John Ray, il nuovo amministratore delegato dell'ex exchange di criptovalute FTX, ha incontrato un giornalista del Wall Street Journal il 19 gennaio per valutare possibili strategie per far risorgere l'azienda.
Durante l'intervista è stato rivelato che Ray ha riunito un gruppo specializzato di professionisti del settore per valutare la possibilità di rilanciare FTX.com, il principale exchange internazionale di proprietà di FTX.
Ray, che ha assunto la carica di CEO a novembre, è convinto che l'azienda possa risollevarsi e sta implementando misure per aumentare le probabilità che ciò accada.
L'amministratore delegato ha inoltre dichiarato al Journal che avrebbe indagato se riavviare il mercato di scambio internazionale di FTX avrebbe consentito ai clienti dell'azienda di ottenere un valore maggiore di quello che lui e il suo team avrebbero potuto ottenere semplicemente liquidando le attività o vendendo la piattaforma.
Il token FTX aumenta in seguito alle notizie e alle risposte di SBF
Dopo la diffusione della notizia, il prezzo del token FTX, noto anche come FTT, è aumentato vertiginosamente. Il valore del token, al momento della pubblicazione di questo articolo, è aumentato del trenta percento nelle ultime ventiquattro ore.

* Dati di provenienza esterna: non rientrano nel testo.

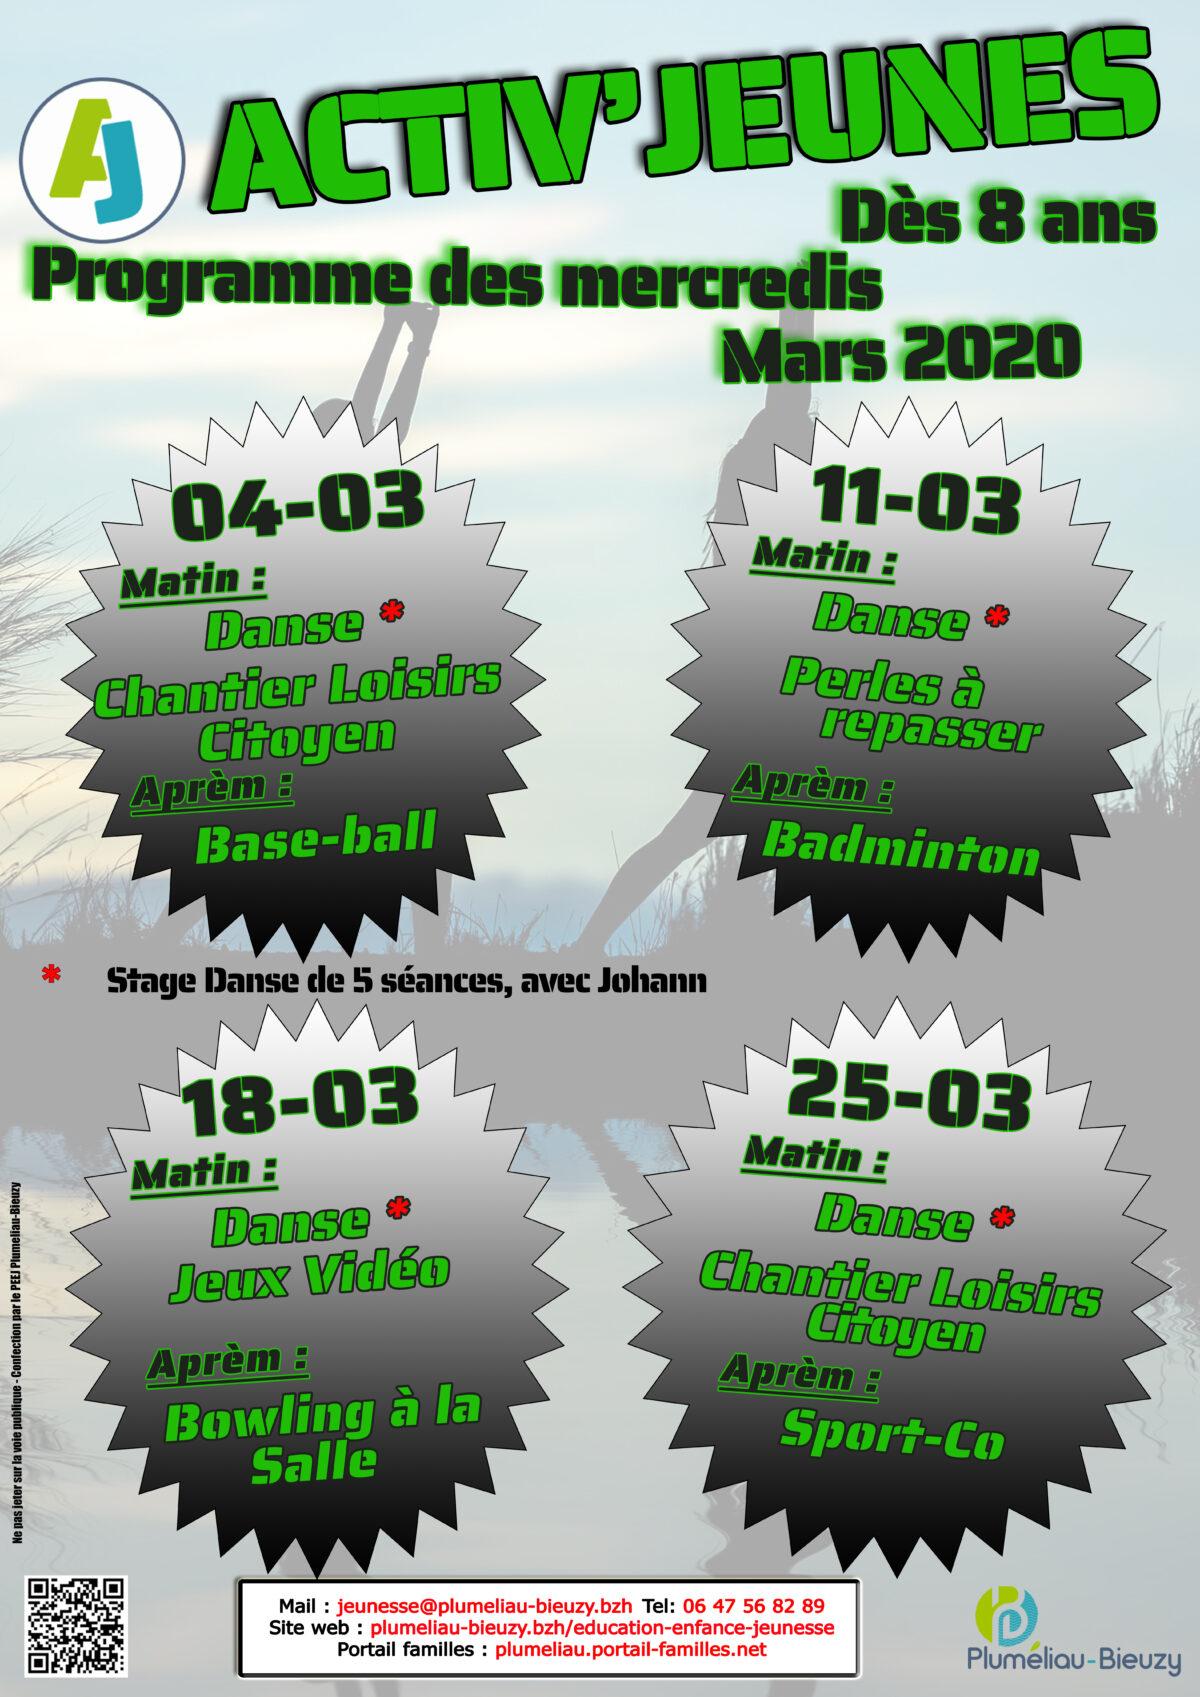 Programme des mercredis de mars 2020

Sam Bankman-Fried, spesso noto come "SBF", fondatore e responsabile del fallimento dell'azienda ha commentato la notizia.
Dopo aver represso per mesi simili tentativi, ha detto di essere sollevato che Ray stia ora dando un'adesione formale all'idea di riattivare la borsa. E a quanto pare:
Sto ancora aspettando che ammetta finalmente che FTX US è solvibile e restituisca i soldi ai clienti.
Sam Bankman-Fried
In particolare, questa non è la prima volta che si ipotizza che FTX possa ricevere una nuova partenza sotto forma di riavvio. Solo una settimana fa, gli avvocati del comitato dei creditori di FTX hanno avvertito che rendere pubbliche ledentdei 9 milioni di clienti della borsa potrebbe essere dannoso per qualsiasi futuro tentativo di rilancio dell'attività.
Dopo una corsa agli sportelli bancari a novembre, che ha costretto la società ad ammettere di non disporre di riserve annue di fondi dei clienti, FTX è stata costretta a dichiarare bancarotta e a chiudere. A causa di questa falla, la piattaforma non è stata in grado di soddisfare le richieste di prelievo presentate dai suoi clienti.
Si sostiene che Bankman-Fried abbia rubato miliardi di dollari ai consumatori dell'exchange per coprire i debiti accumulati da Alameda Research, l'hedge fund incentrato sulle criptovalute da lui gestito.
È accusato di frode, sebbene si sia dichiarato non colpevole delle accuse a suo carico e il suo processo è previsto per ottobre di quest'anno.
I suoi amici e conoscenti più stretti si sono dichiarati colpevoli e stanno attivamente collaborando alle indagini del governo.